China’s role in altering demand in oil markets
Since China’s accession to the World Trade Organisation in 2001, the country has steered more than half of the global increase in oil demand, increasing domestic consumption by three times in two decades. Yet, researchers from the Oxford Institute of Energy Studies told the Financial Times that oil accounts only for 19% of the country’s energy mix, with the rest fulfilled by coal and renewables.
Interestingly, before CNOOC’s Zhou made his statement about China reaching peak oil, Chinese oil giant Sinopec in early August said the country’s petrol demand will peak in 2023, two years earlier than its previous estimates. Sinopec attributed the development to a faster uptake of EVs with Zhou Yan, an official with Sinopec’s retail fuel sales unit, saying that fully electric, or “new energy vehicle” taxis and ride-hailing cars have had a big impact on fuel consumption in China.
Chinese oil giant Sinopec in early August said the country’s petrol demand will peak in 2023, two years earlier than its previous estimates
According to the Financial Times, for the first half of 2023, China imported 11.4 million barrels per day of crude oil, up 11.7% year-on-year and up 15.3% compared with pre-Covid levels. By June, it set a new record of importing 2.13 million of oil from Russia, ahead of 1.88 million barrels per day from Saudi Arabia. However, the discounted record import led the Chinese refiners to stockpile and eye exports.

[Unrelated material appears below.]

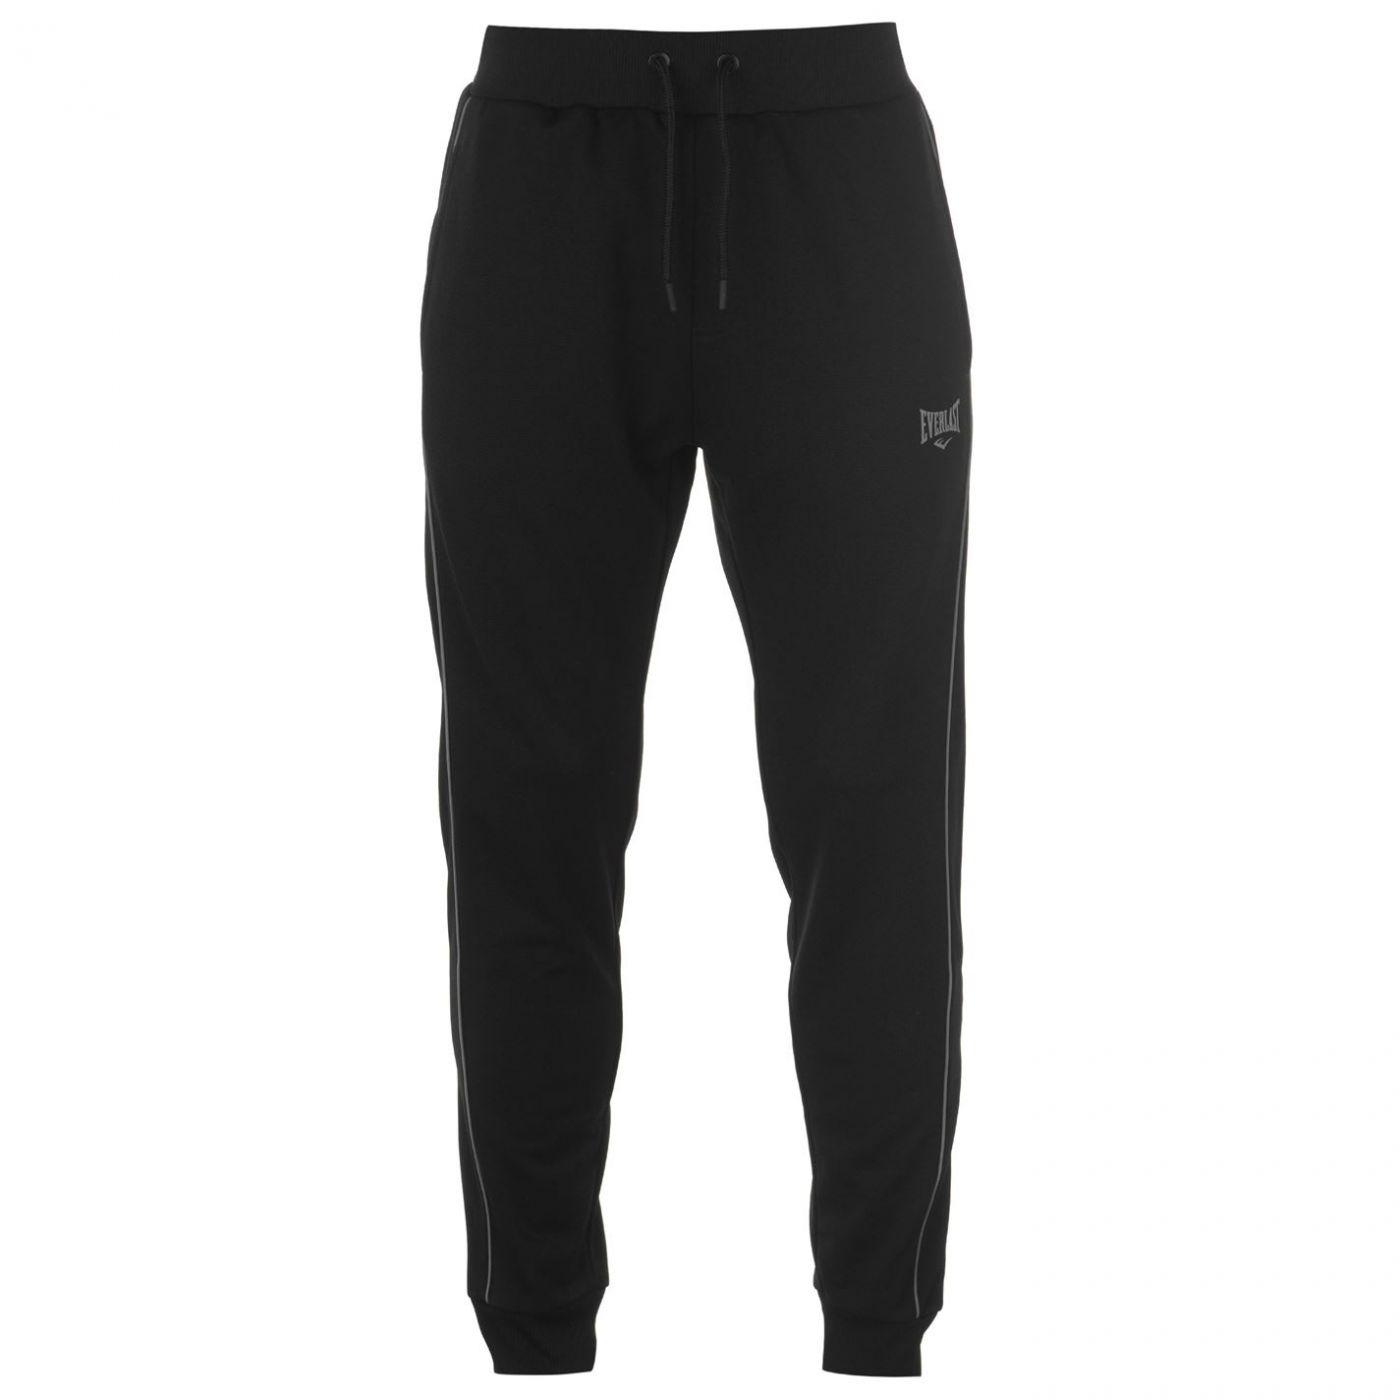 Everlast Ref Jogging Pants Mens

Even though China does not disclose the size of the country’s crude inventory, estimates show a stockpile of 1.02 billion barrels, compared to 347 million barrels that the US holds in strategic reserves. Without any strong consumption stimulus in China’s sluggish recovery, coupled with policies that incentivise EVs, oil prices since July have eased in line with weak economic data.
Speculations for the future
While China’s uptake of electric vehicles may be rapidly putting oil in the shadows, the country is still significantly coal dependant. Unlike many European and Asian countries switching from coal and oil to LNG as a less-pollutive transition fuel, China hopes to make a leap from coal directly to renewables. The country’s current energy mix is driven by 56% coal usage and only 8% gas.
In this regard, China’s carbon reduction targets fall short of other OECD countries, which aim for carbon neutrality before 2050, while China has committed to 2060. Given this smokescreen of various carbon emissions, critics disagree that China will reach peak oil in this decade.
Sinopec is likely the world’s largest oil company. Credit: Humphery via Shutterstock
“China has a net-zero carbon emission goal by 2060, which is when I expect its crude demand to ease as it gradually heads towards that [deadline],” director of LSEG Oil Research in Asia Yaw Yan Chong told CNBC.
In support of this theory, China is also a world leader in the production of petrochemicals, which are made from oil and natural gas. Assessing China’s reliance on oil imports, the dean of energy studies at Xiamen University in Xiamen, China told the New York Times, “Looking forward, I do not believe China can decrease oil demand substantially.”